Parallel Kafka connections within a single consumer group (subscription groups)

Karafka uses a concept called subscription groups to organize topics into groups that can be subscribed to Kafka together. This aims to preserve resources to achieve as few connections to Kafka as possible.

This grouping strategy has certain downsides, as with one connection, in case of a lag, you may get messages from a single topic partition for an extended time. This may prevent you from utilizing multiple threads to achieve better performance.

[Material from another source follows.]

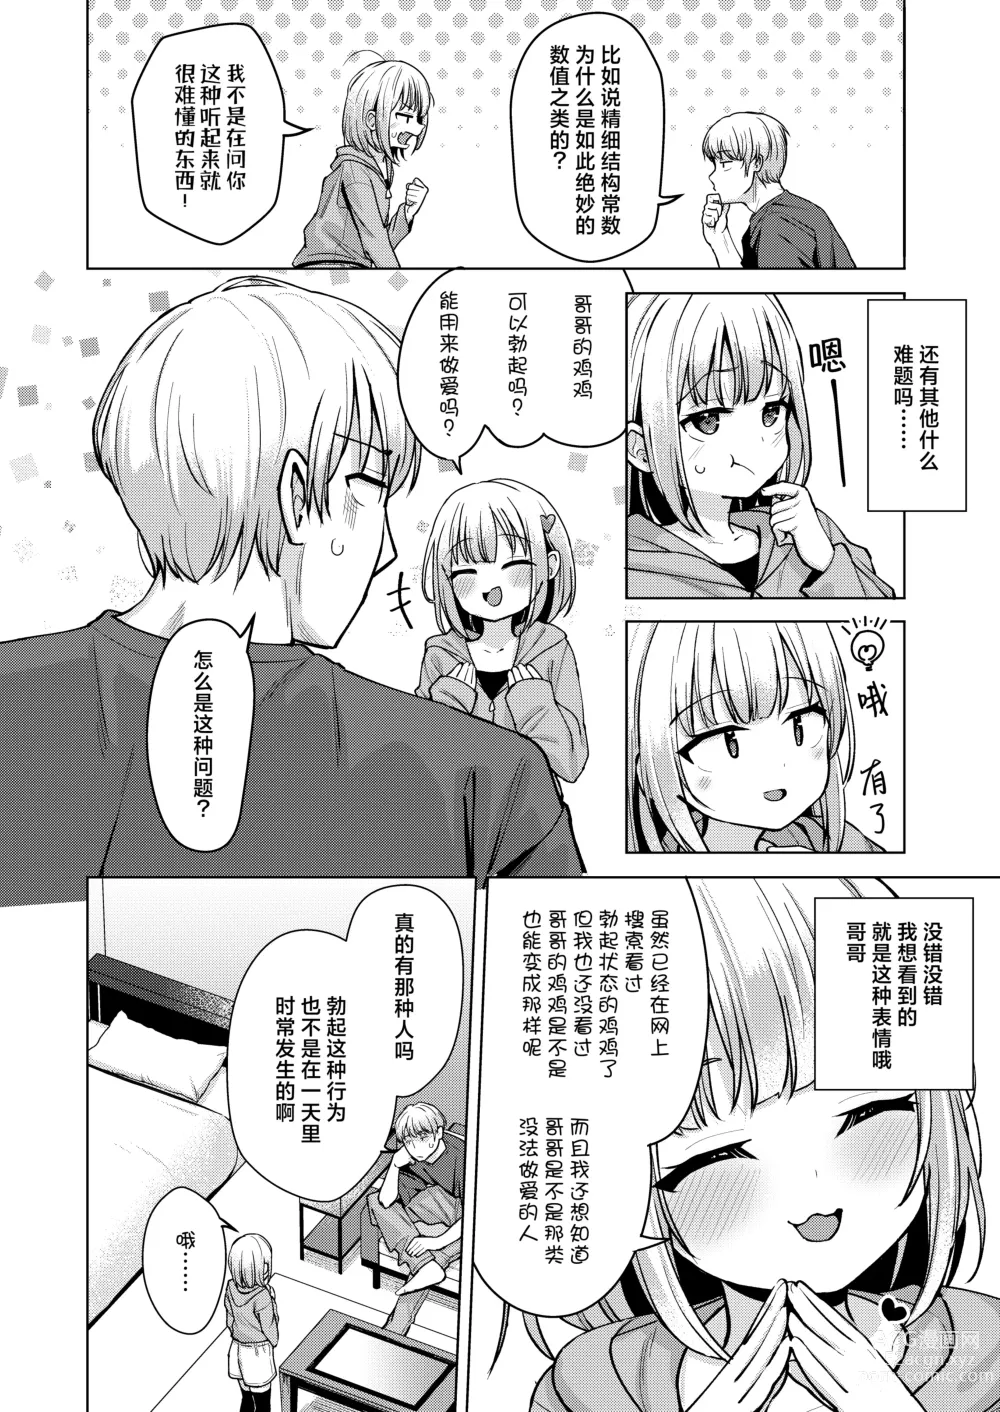 Page 6 of doujinshi 邪心妹妹真是太棒了

If you expect scenarios like this to occur, you may want to manually control the number of background connections from Karafka to Kafka. You can define a subscription_group block for several topics, and topics within the same subscription_group will be grouped and will share a separate connection to the cluster. By default, all the topics are grouped within a single subscription group.

Each subscription group connection operates independently in a separate background thread. They do, however, share the workers' poll for processing.

Below you can find an example of how routing translates into subscription groups and Kafka connections:

class KarafkaApp < Karafka::App
  setup do |config|
    # ...
  end

  routes.draw do
    subscription_group 'a' do
      topic :A do
        consumer ConsumerA
      end

      topic :B do
        consumer ConsumerB
      end

      topic :D do
        consumer ConsumerD
      end
    end

    subscription_group 'b' do
      topic :C do
        consumer ConsumerC
      end
    end
  end
end

*This example illustrates how Karafka routing translates into subscription groups and their underlying connections to Kafka.

Note: This example is a simplification. Depending on other factors, Karafka may create more subscription groups to manage the resources better. It will, however, never group topics together that are within different subscription groups.

Note: Subscription groups are a different concept than consumer groups. It is an internal Karafka concept; you can have many subscription groups in one consumer group.

If you are interested in how librdkafka fetches messages, please refer to this documentation.

Parallel processing of a single topic partition (Virtual Partitions)

Karafka allows you to parallelize further processing of data from a single partition of a single topic via a feature called Virtual Partitions.

Virtual Partitions allow you to parallelize the processing of data from a single partition. This can drastically increase throughput when IO operations are involved.

*This example illustrates the throughput difference for IO intense work, where the IO cost of processing a single message is 1ms.

You can read more about this feature here.

Consumer group multi-threading

Since each consumer group requires a separate connection and a thread, we do this concurrently.

It means that for each consumer group, you will have one additional thread running. For high-load topics, there is always an IO overhead on transferring data from and to Kafka. This approach allows you to consume data concurrently.